The most obvious place to find a SIM card in Indonesia is at a major airport, like in Jakarta or Bali. A number of cell phone companies will have little booths as you’re making your way out, and it’s easy to pick up cards here. They might be slightly more expensive than typical, but no more than a few dozen rupiah, and it’s certainly convenient as you can usually register the card on the spot (more on that later). Some even come preloaded with data, which will help simplify the process. Although, unless you plan on staying put in the location you buy the card, you need to be careful that advertised data is not just “Local Data,” which is only good in the specific area where it’s sold. If you plan to travel around, you’ll want “Flash.”

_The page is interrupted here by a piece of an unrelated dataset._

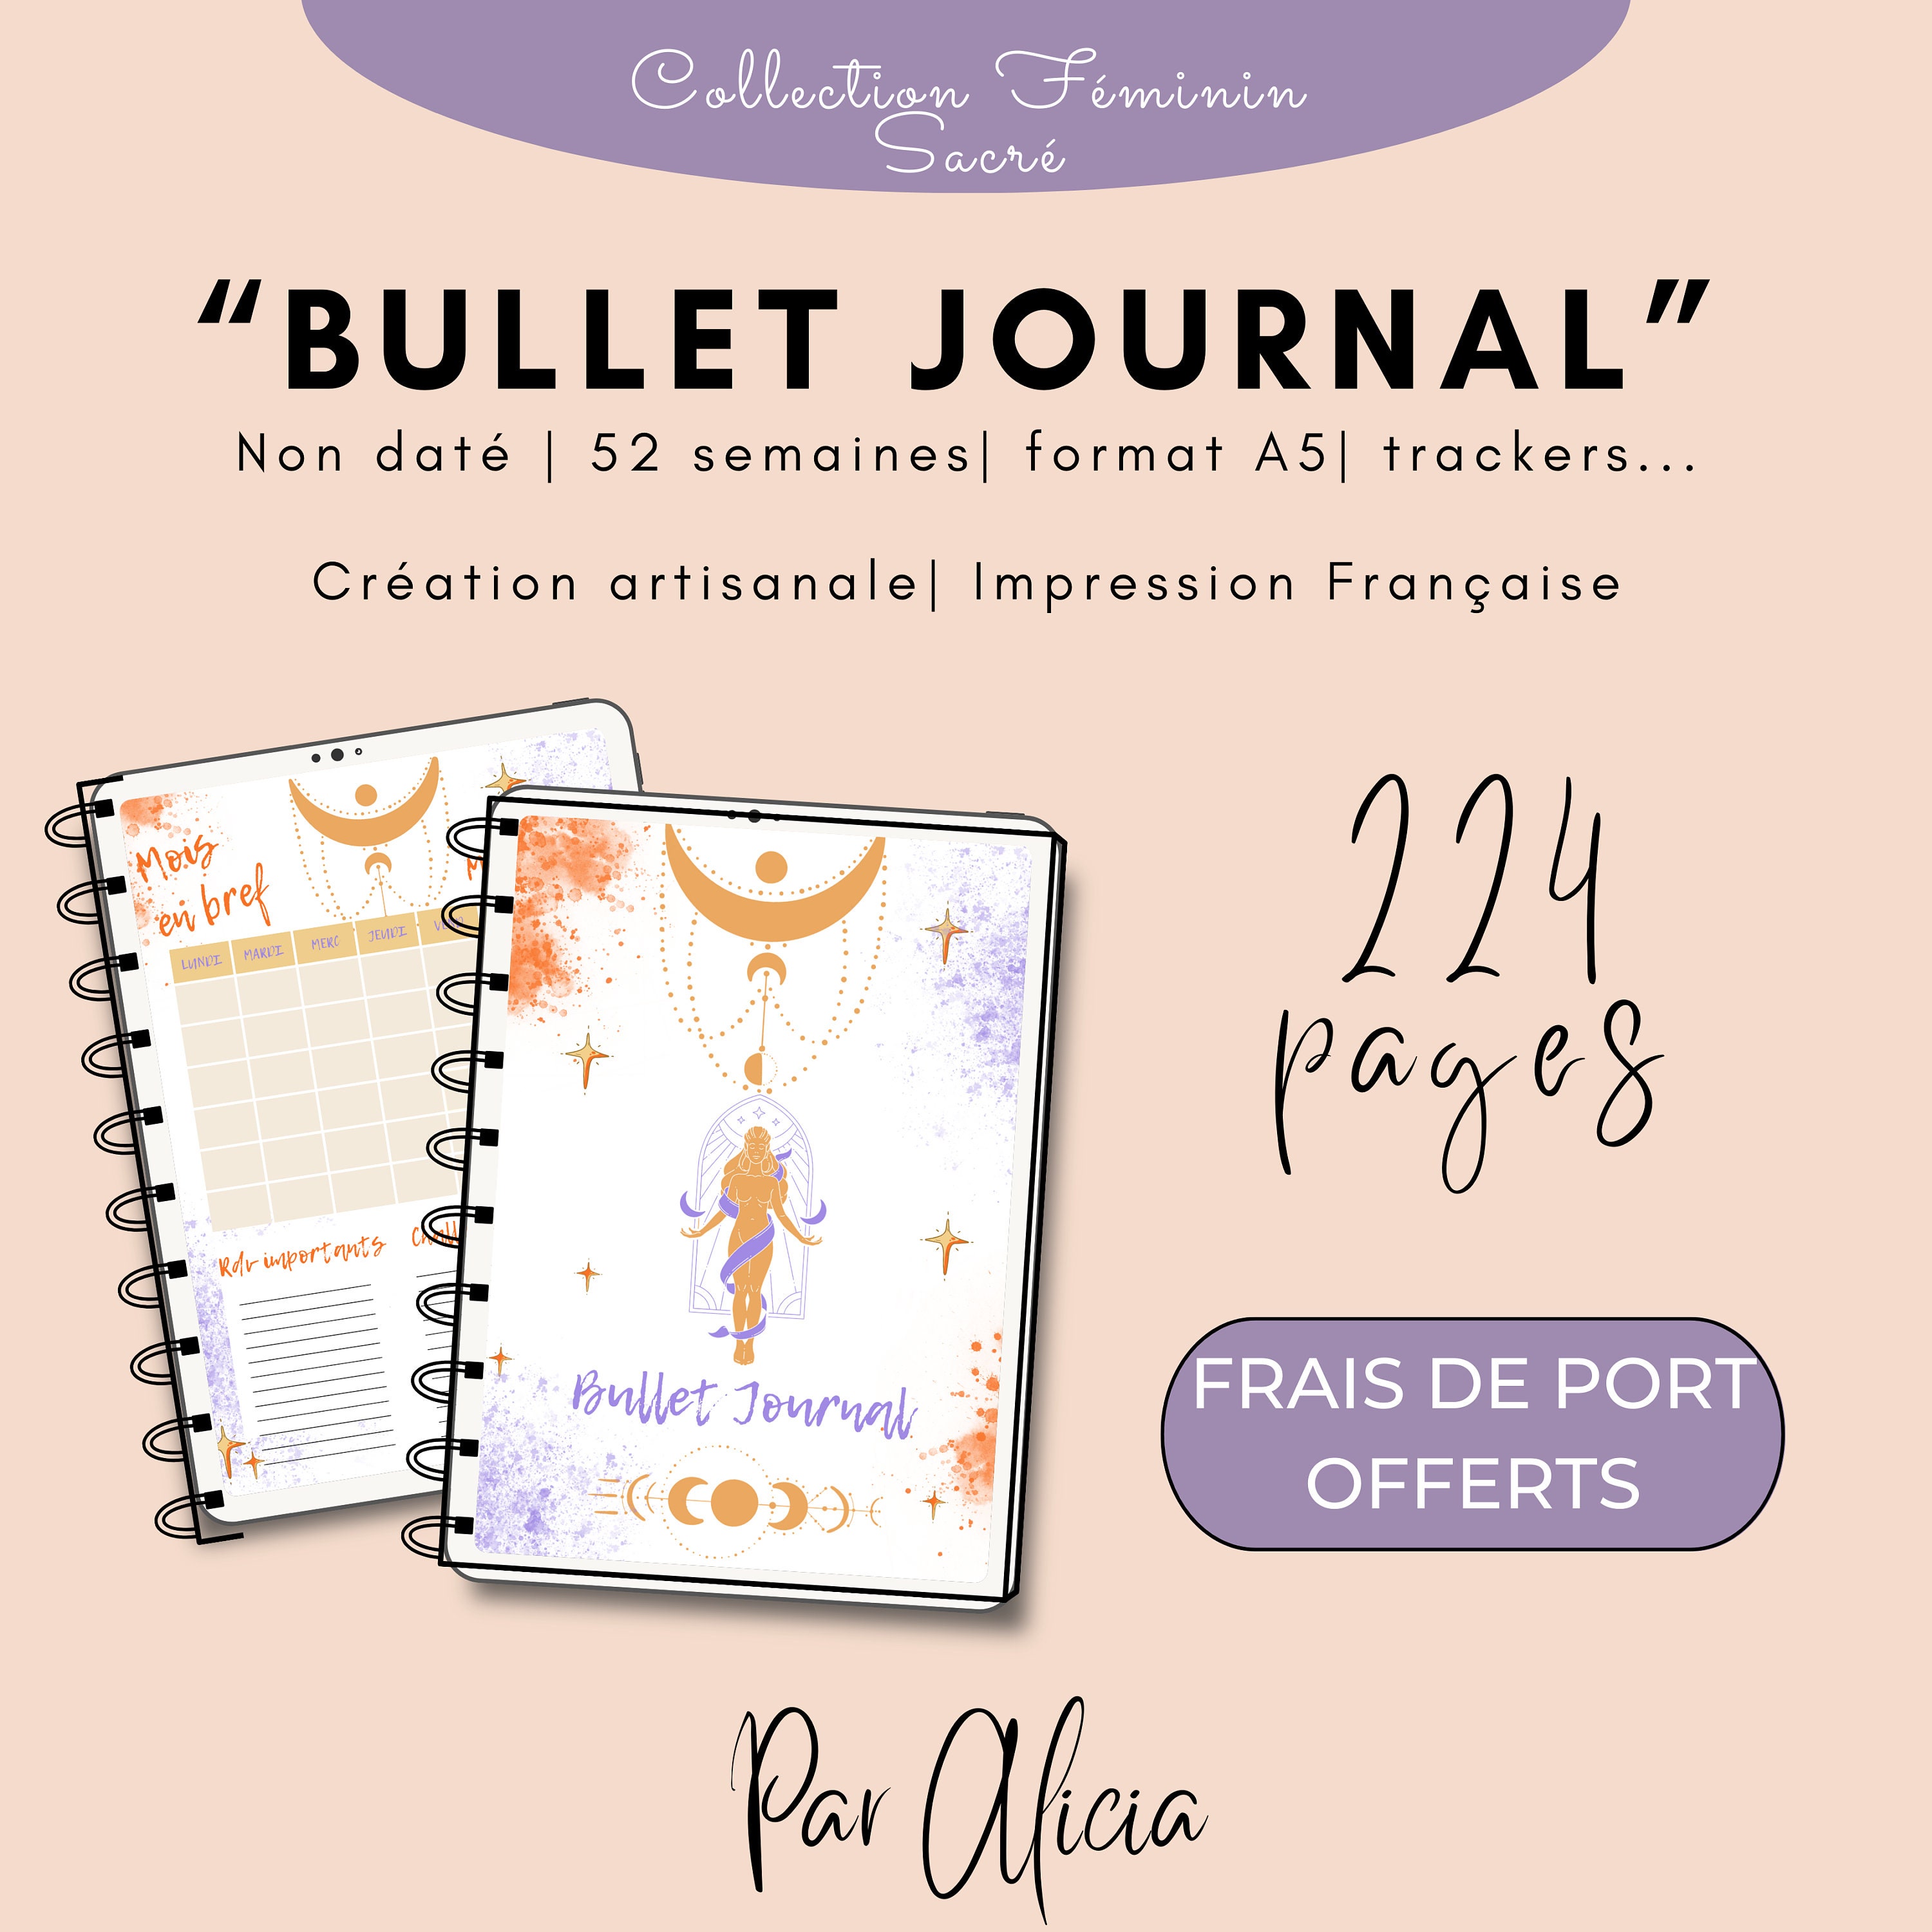 Carnet Bullet Journal tout fait, plus qu'à compléter !

If you’re travelling more off-the-beaten path, like to us here in Kerinci, and there aren’t any SIM cards for sale at the airport, then look for shops that sell mobile phones. Many little neighborhood warung stores will also sell them, and it’s not uncommon to see booths set up on roadsides with a selection of cards as well. If you really are having a hard time finding one, ask a local. “Saya cari kartu SIM” (I’m looking for a SIM card). Remember that the letter “c” is always pronounced like “ch” in English, so “cari” sounds like “chari.” And don’t forget to roll that r.
Choosing a mobile phone provider
While considered slightly more expensive (but still very low-cost), Telkomsel has by far the best coverage across Indonesia, and generally the fastest speeds. This can vary slightly by region or the exact spot you’re in, but in general, Telkomsel’s your best bet. Their simPATI and Loop cards are popular choices.

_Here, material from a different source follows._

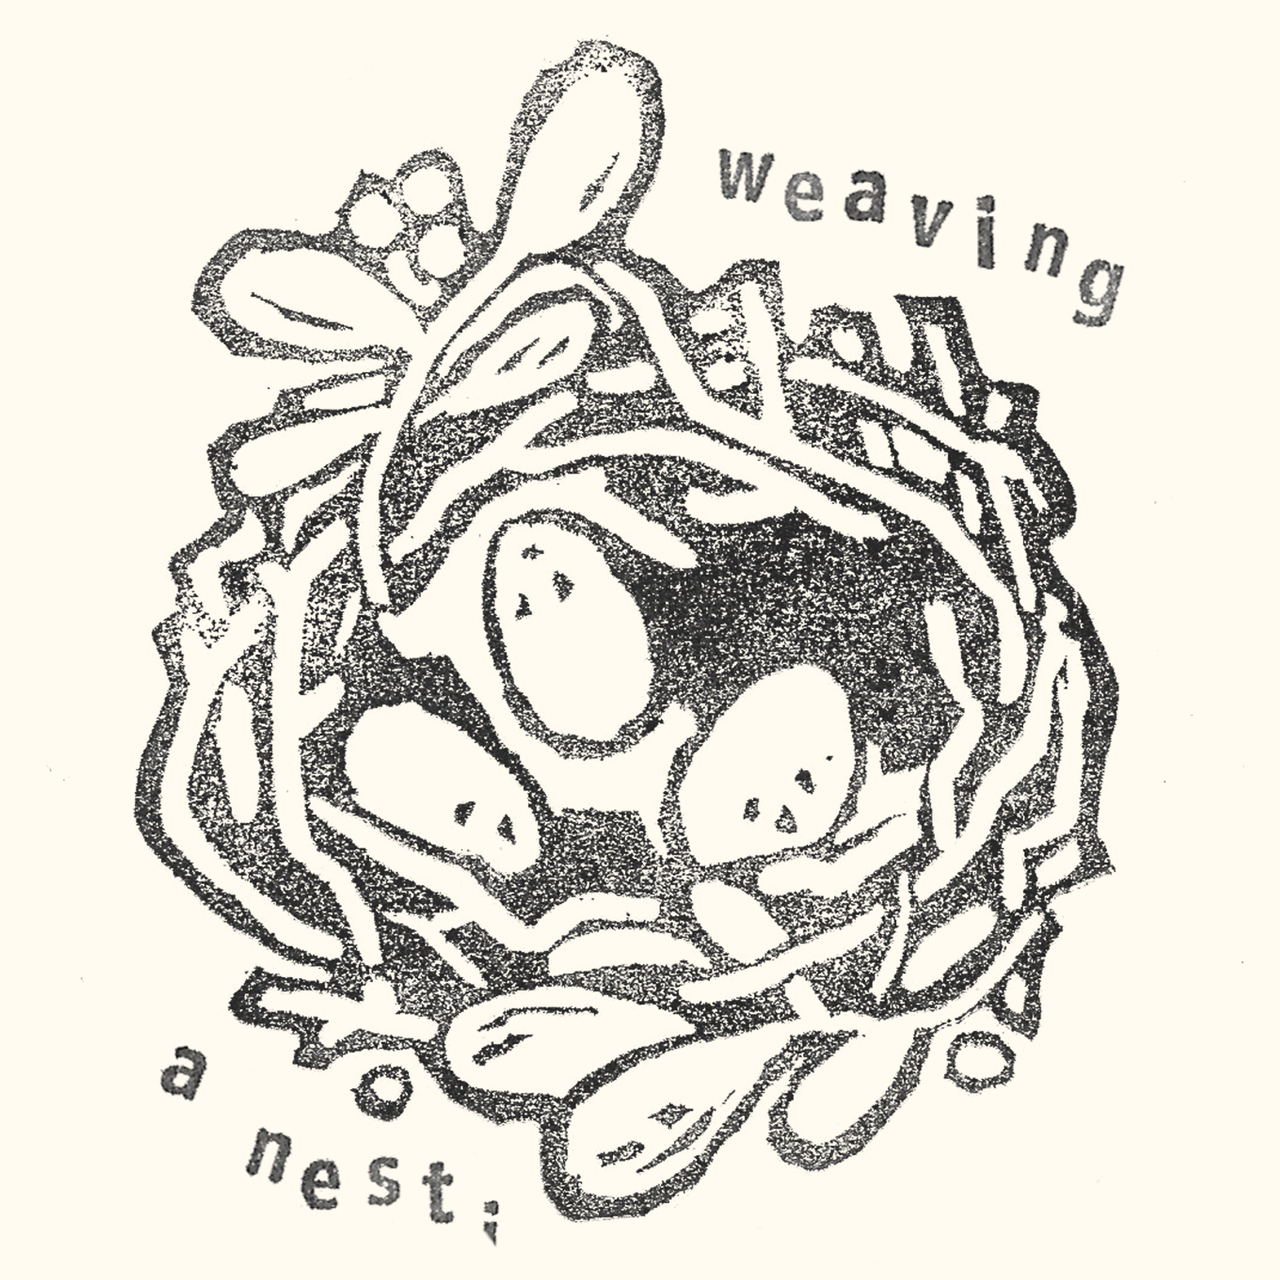 Weaving a nest;

The second most popular provider would be XL (which could be a good second choice, if you have a dual SIM phone). There’s also Smartfren, 3/Tri, Axis, Indosat/IM3, and a few others. If you plan on exploring one spot for a while, ask the locals what’s best, or check out coverage maps by clicking the links of each of the providers. An overall coverage map can also be found on the Open Signal website, which should be more or less accurate.

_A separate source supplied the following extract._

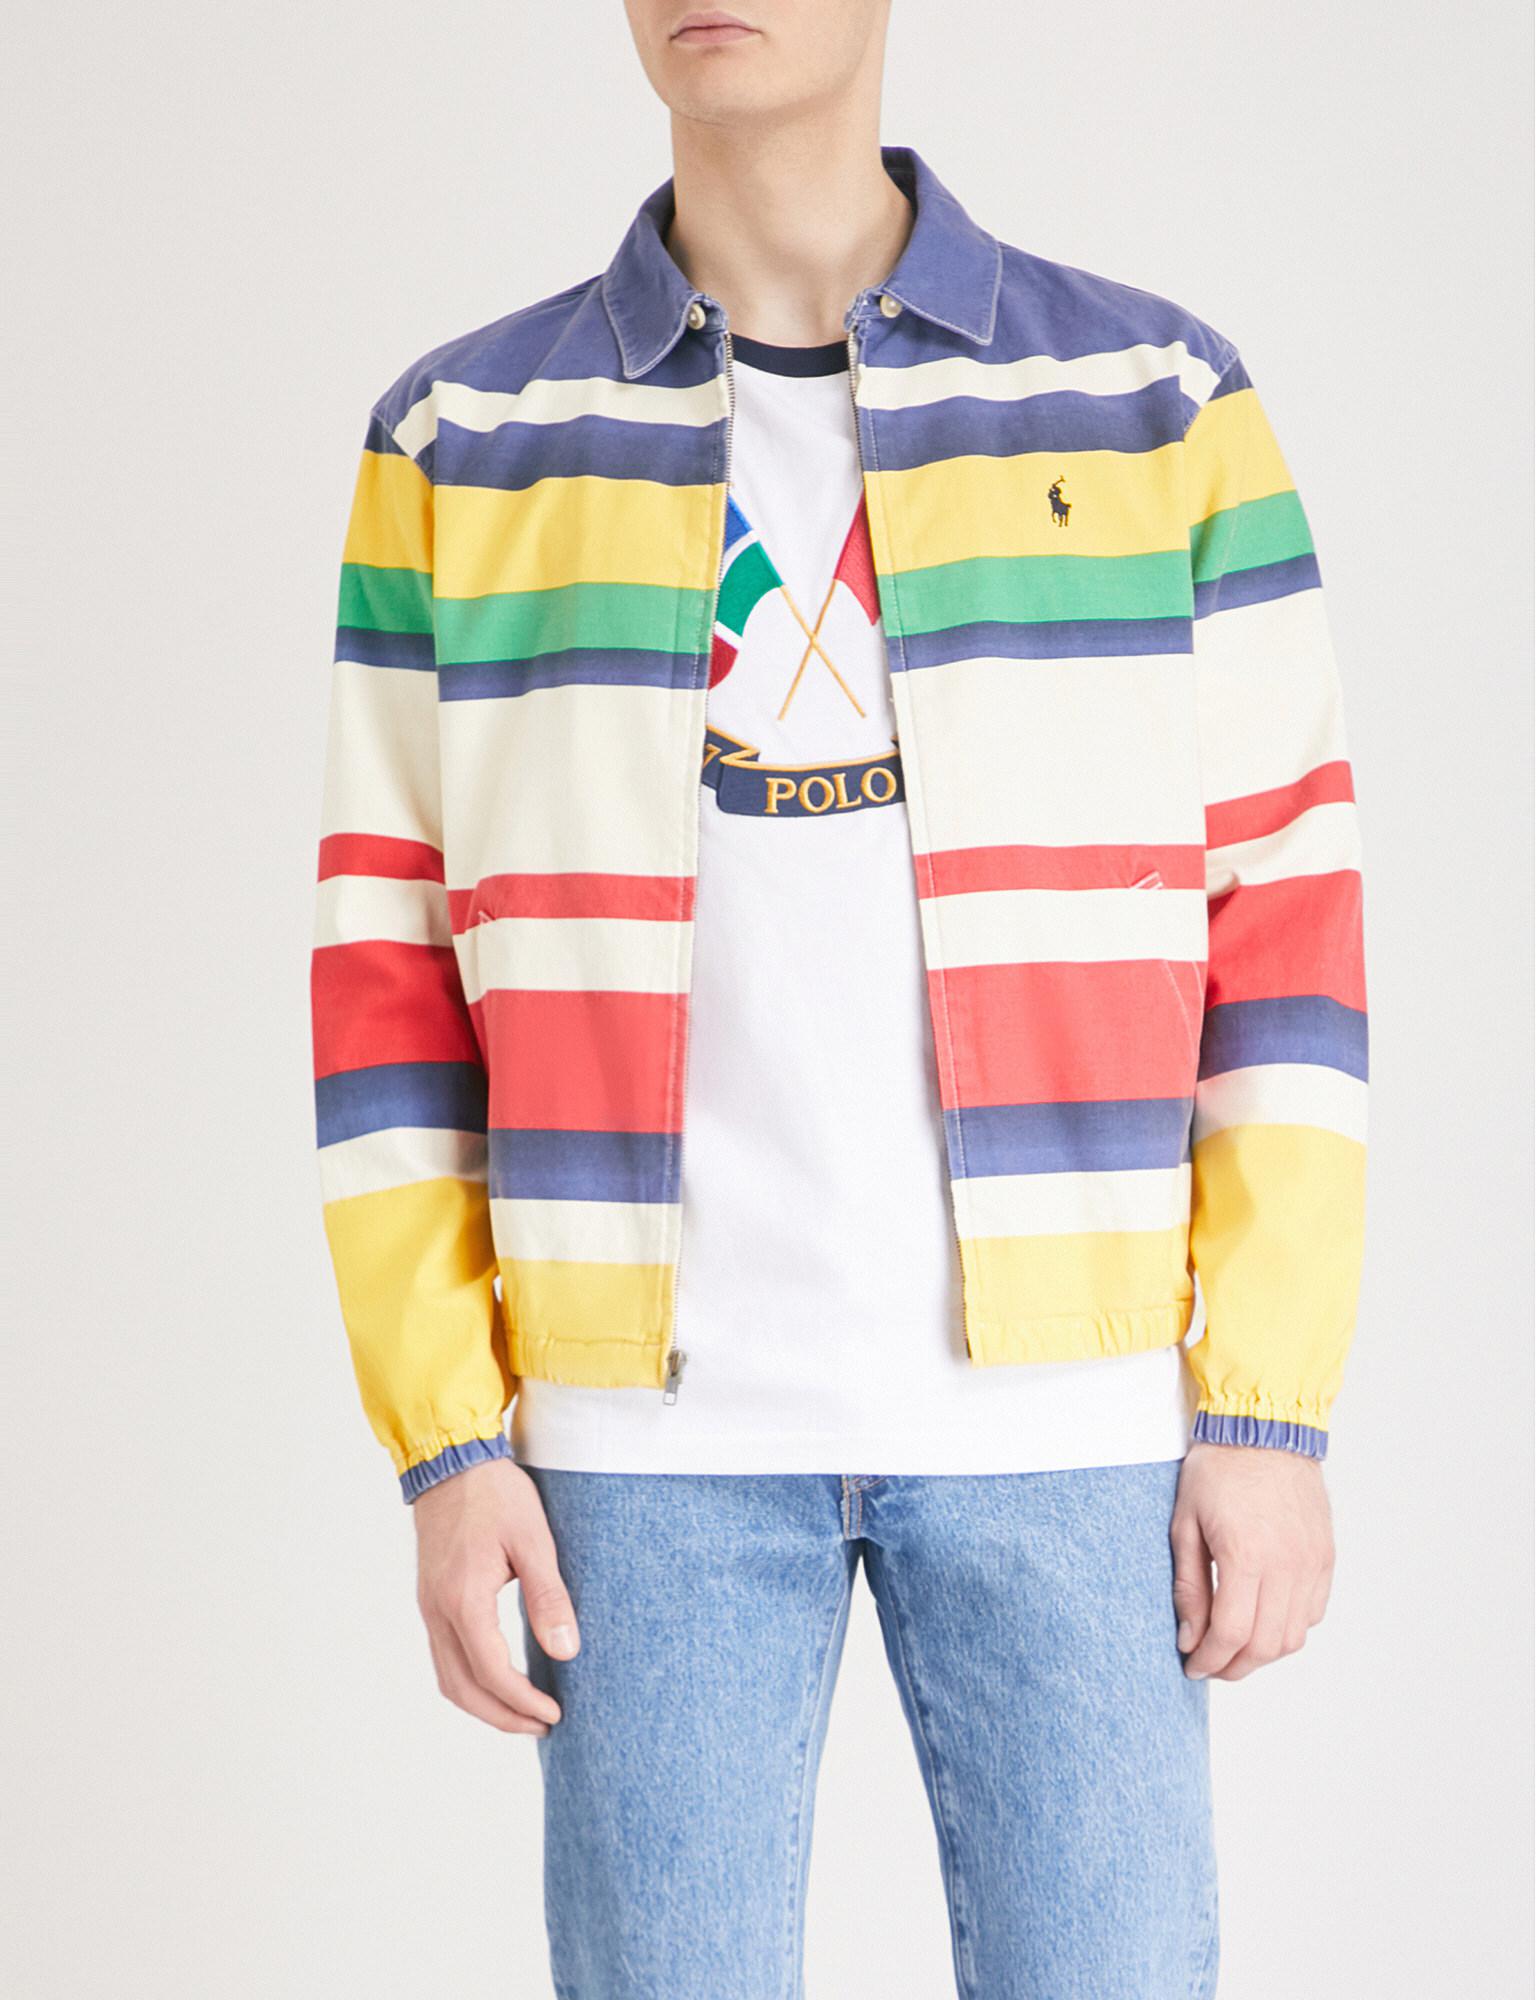 Polo Ralph Lauren Bayport Striped Cotton-piqué Jacket for Men - Lyst

Buying a prepaid SIM card in Indonesia
No matter the provider, a SIM card in Indonesia is generally pretty cheap, sometimes starting as low as 10,000 IDR. Prices can vary depending on how much data is preloaded onto them, where you’re buying them, or even if the number is considered cantik – “beautiful.” Some people are willing to pay millions of rupiah for a simple, easy to remember, or “lucky” number!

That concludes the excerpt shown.